→ About this exercise
Word for word, copy out every line of the records, omitting each picture.

################

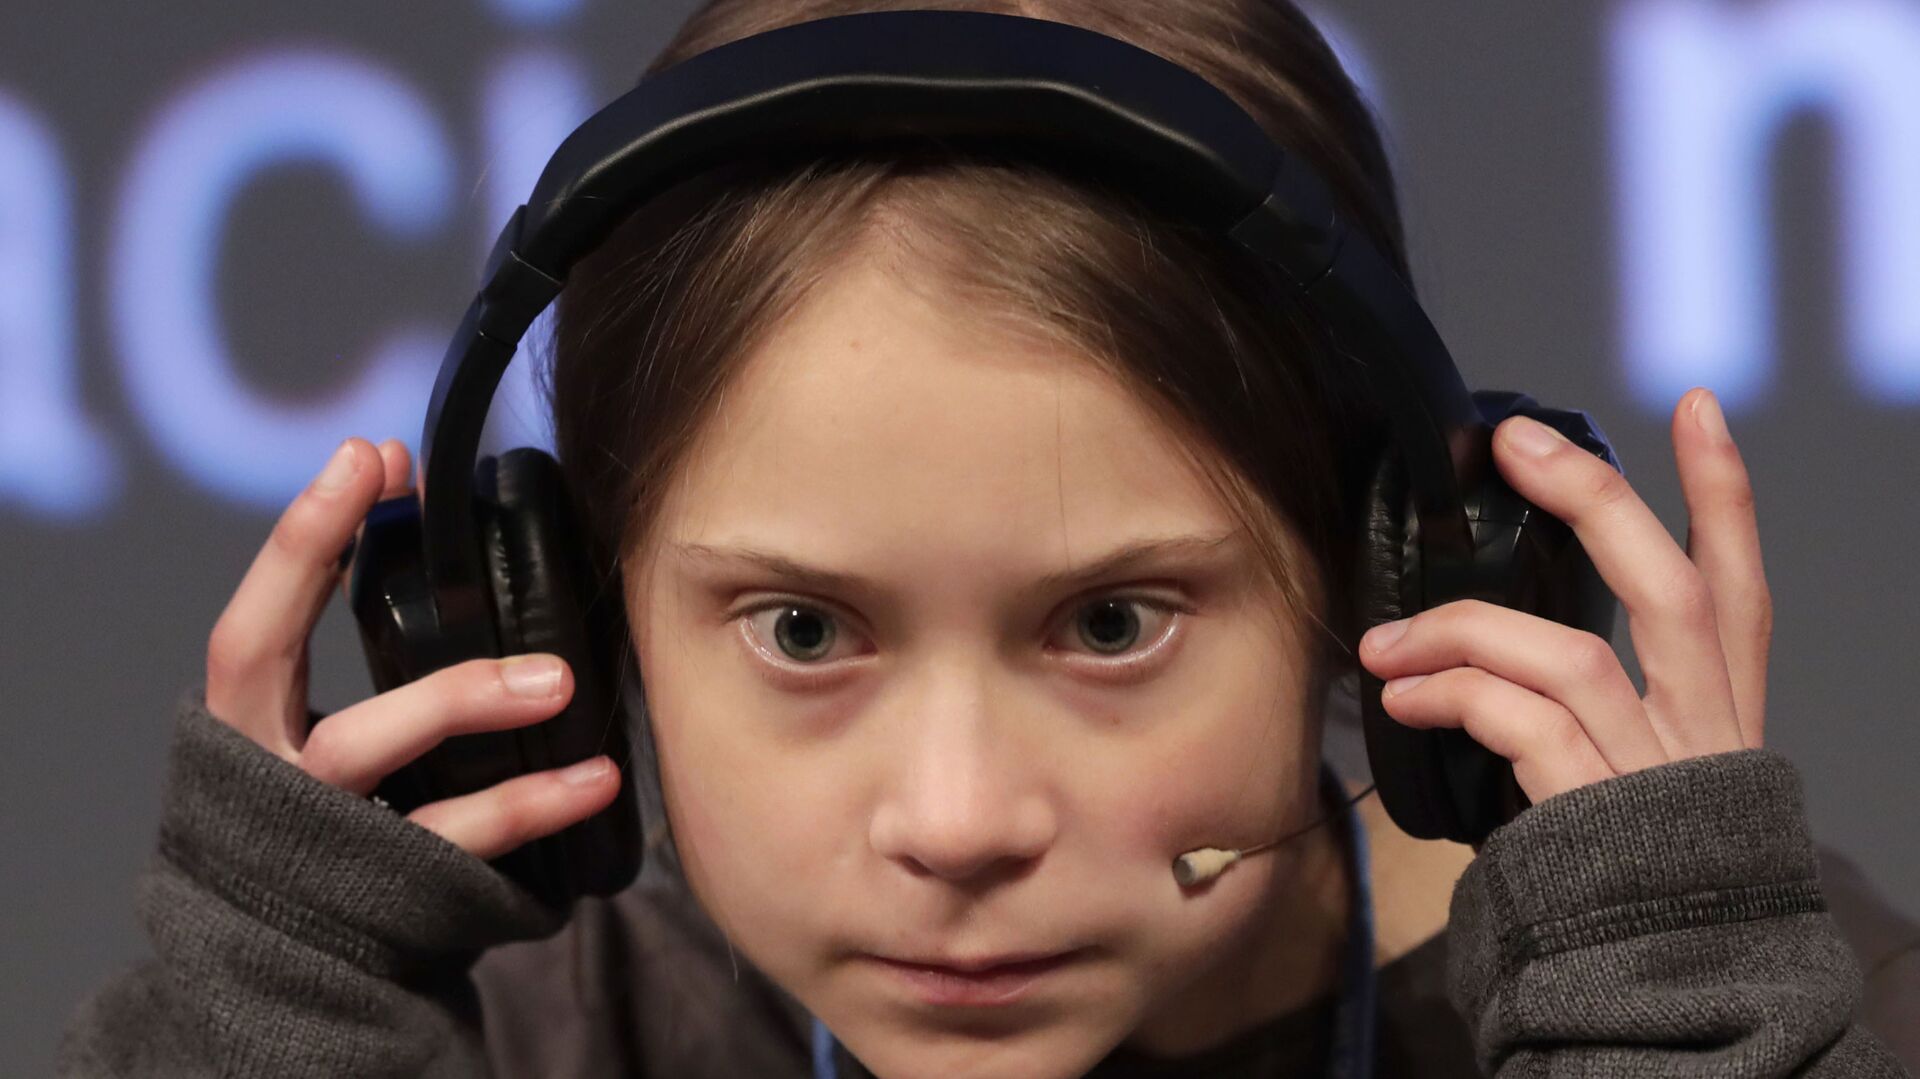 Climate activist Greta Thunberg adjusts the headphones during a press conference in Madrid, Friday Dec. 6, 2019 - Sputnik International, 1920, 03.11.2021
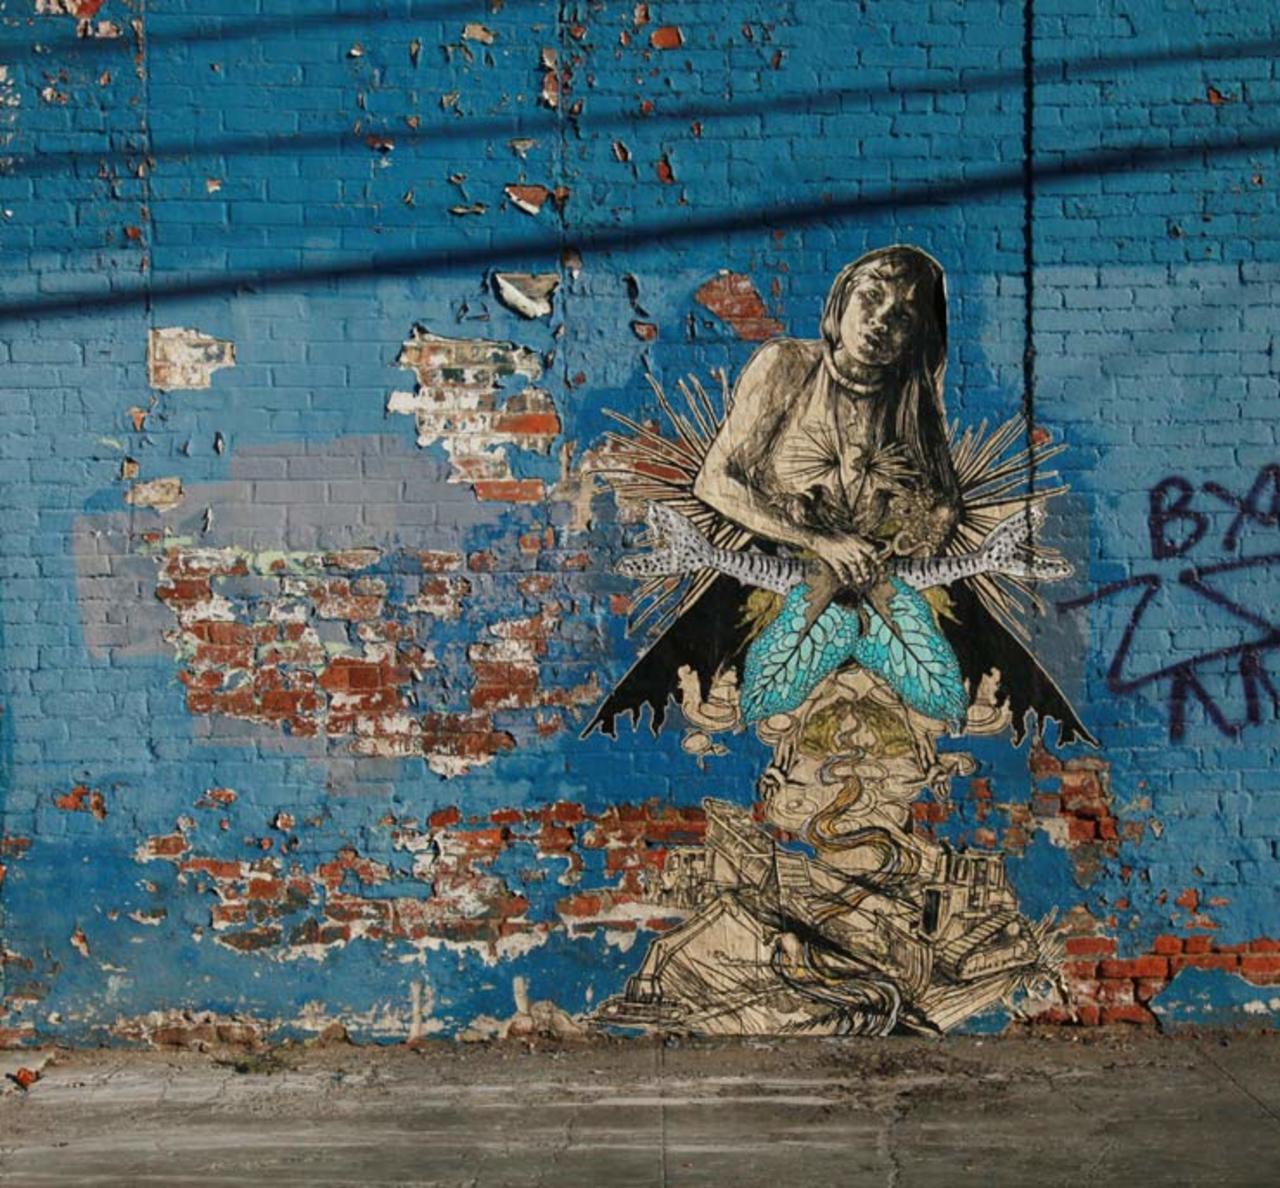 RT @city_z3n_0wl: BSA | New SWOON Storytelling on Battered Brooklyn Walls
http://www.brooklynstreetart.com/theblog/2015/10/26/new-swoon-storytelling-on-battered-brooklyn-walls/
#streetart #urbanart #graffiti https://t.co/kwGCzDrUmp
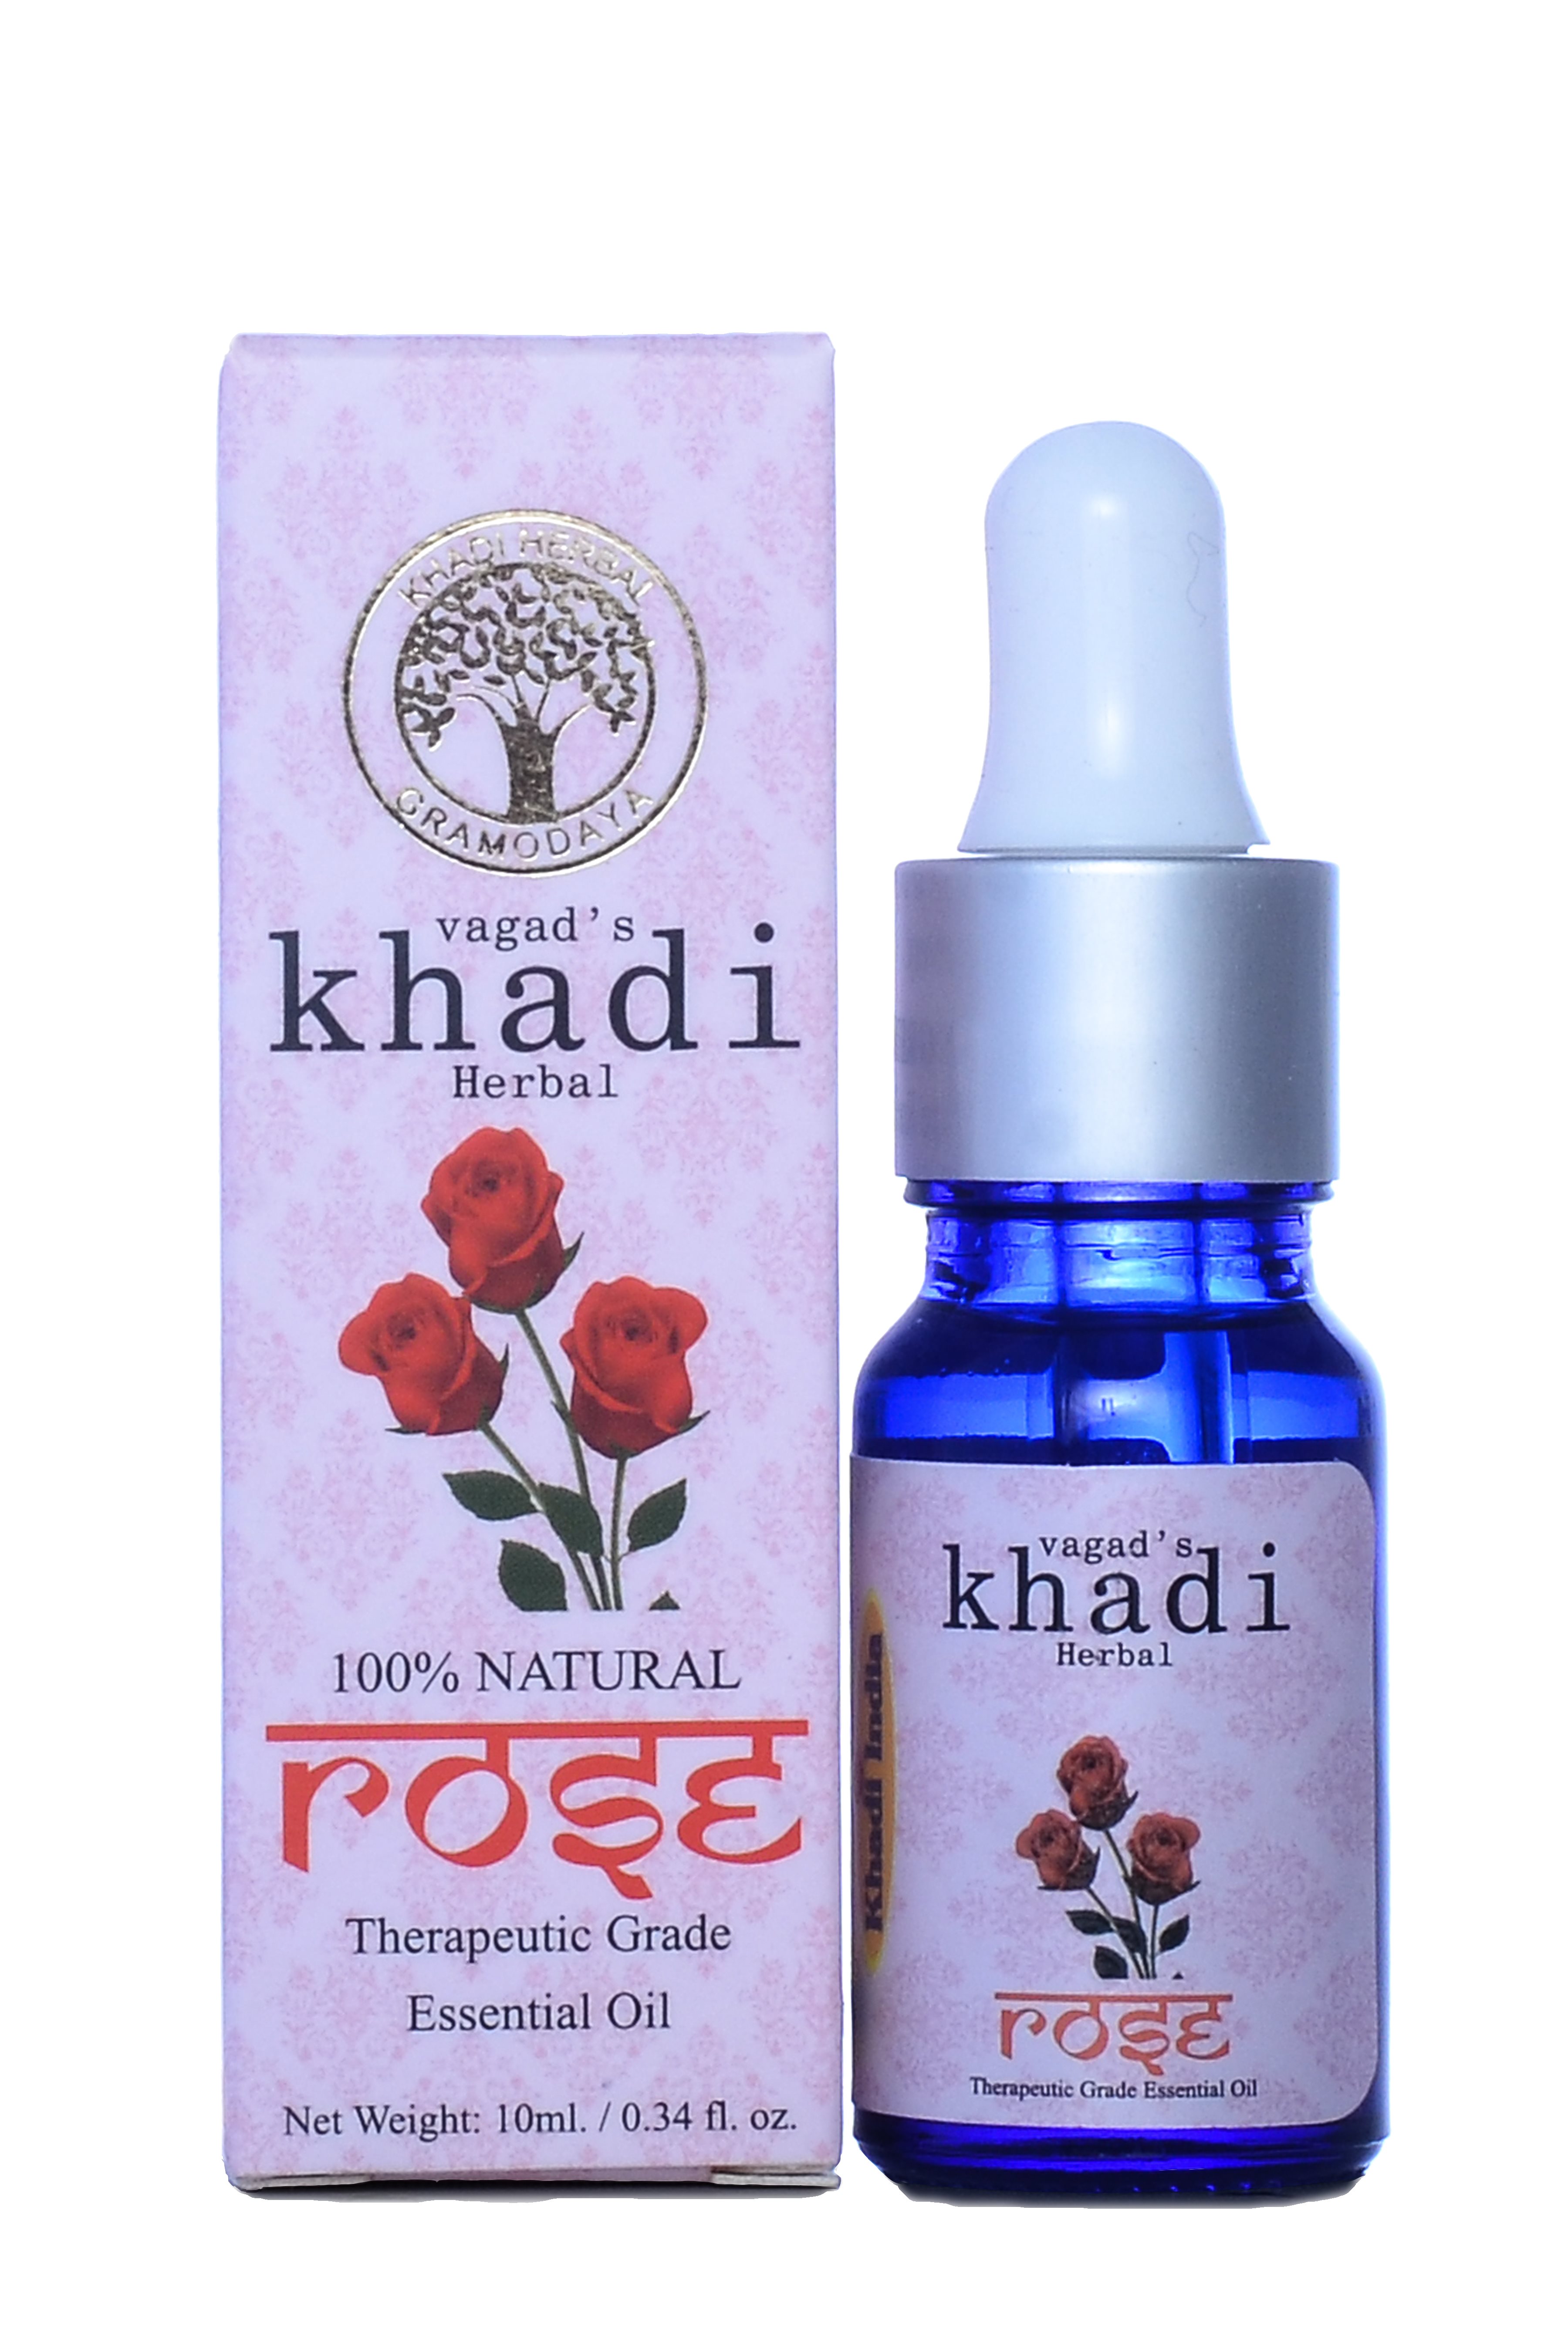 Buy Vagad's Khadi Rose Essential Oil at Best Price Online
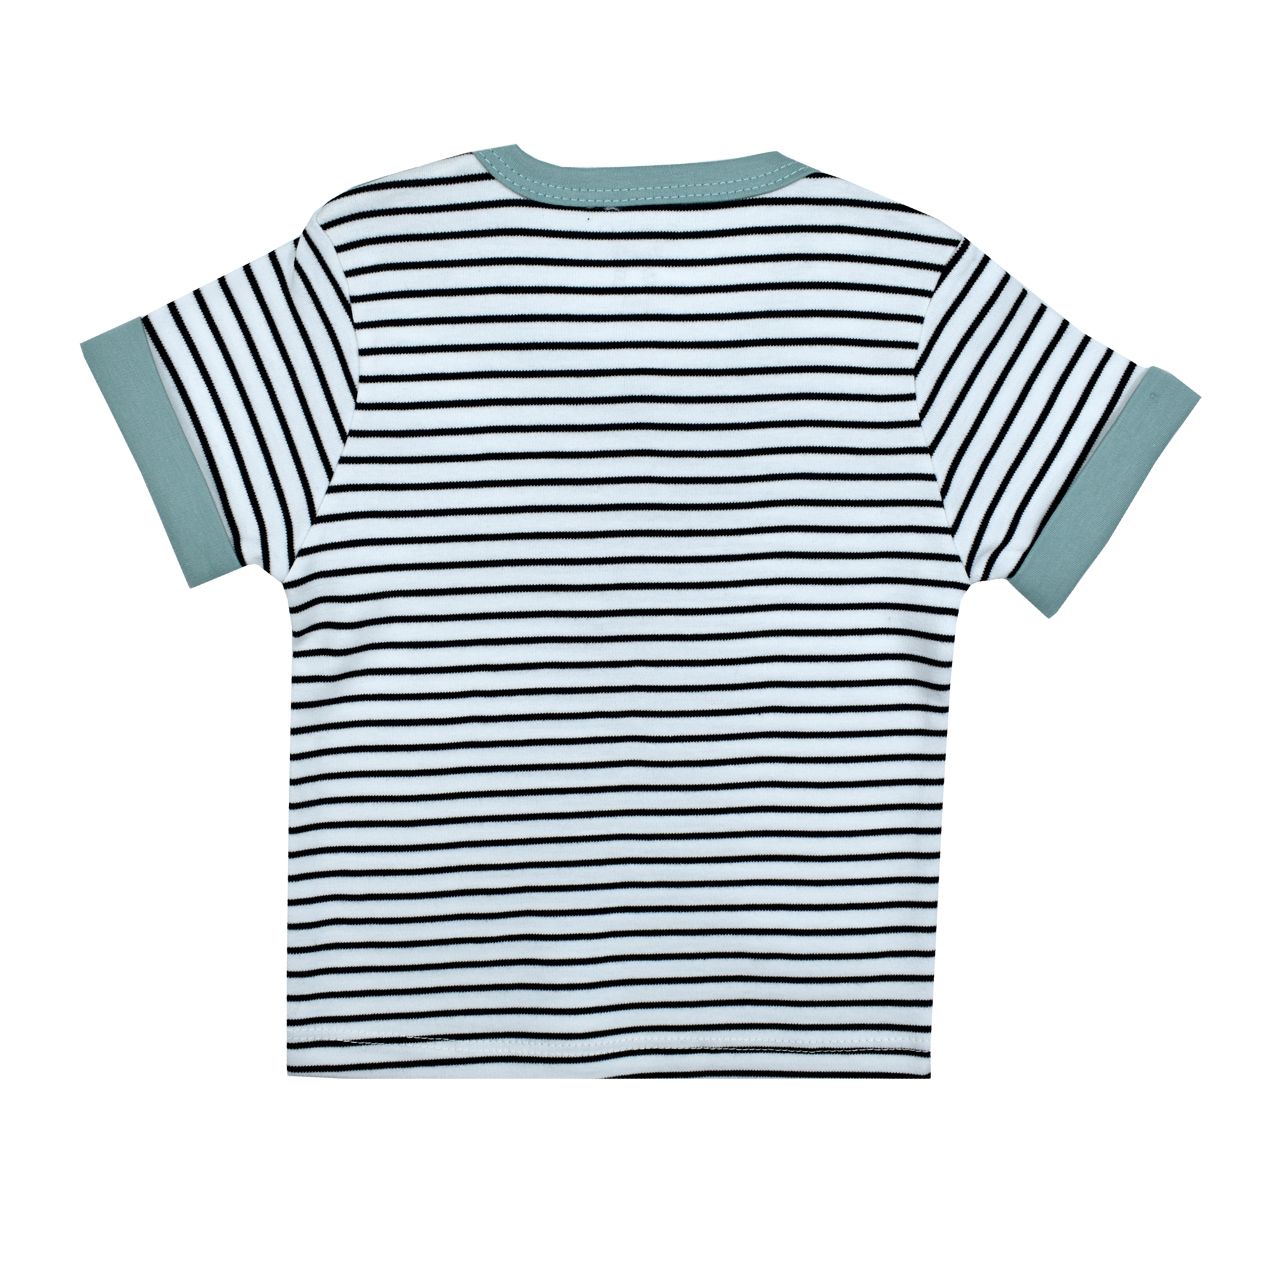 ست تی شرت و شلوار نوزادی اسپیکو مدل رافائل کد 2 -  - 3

################

→ Result of this task
 Climate activist Greta Thunberg adjusts the headphones during a press conference in Madrid, Friday Dec. 6, 2019 - Sputnik International, 1920, 03.11.2021
 RT @city_z3n_0wl: BSA | New SWOON Storytelling on Battered Brooklyn Walls
http://www.brooklynstreetart.com/theblog/2015/10/26/new-swoon-storytelling-on-battered-brooklyn-walls/
#streetart #urbanart #graffiti https://t.co/kwGCzDrUmp
 Buy Vagad's Khadi Rose Essential Oil at Best Price Online
 ست تی شرت و شلوار نوزادی اسپیکو مدل رافائل کد 2 -  - 3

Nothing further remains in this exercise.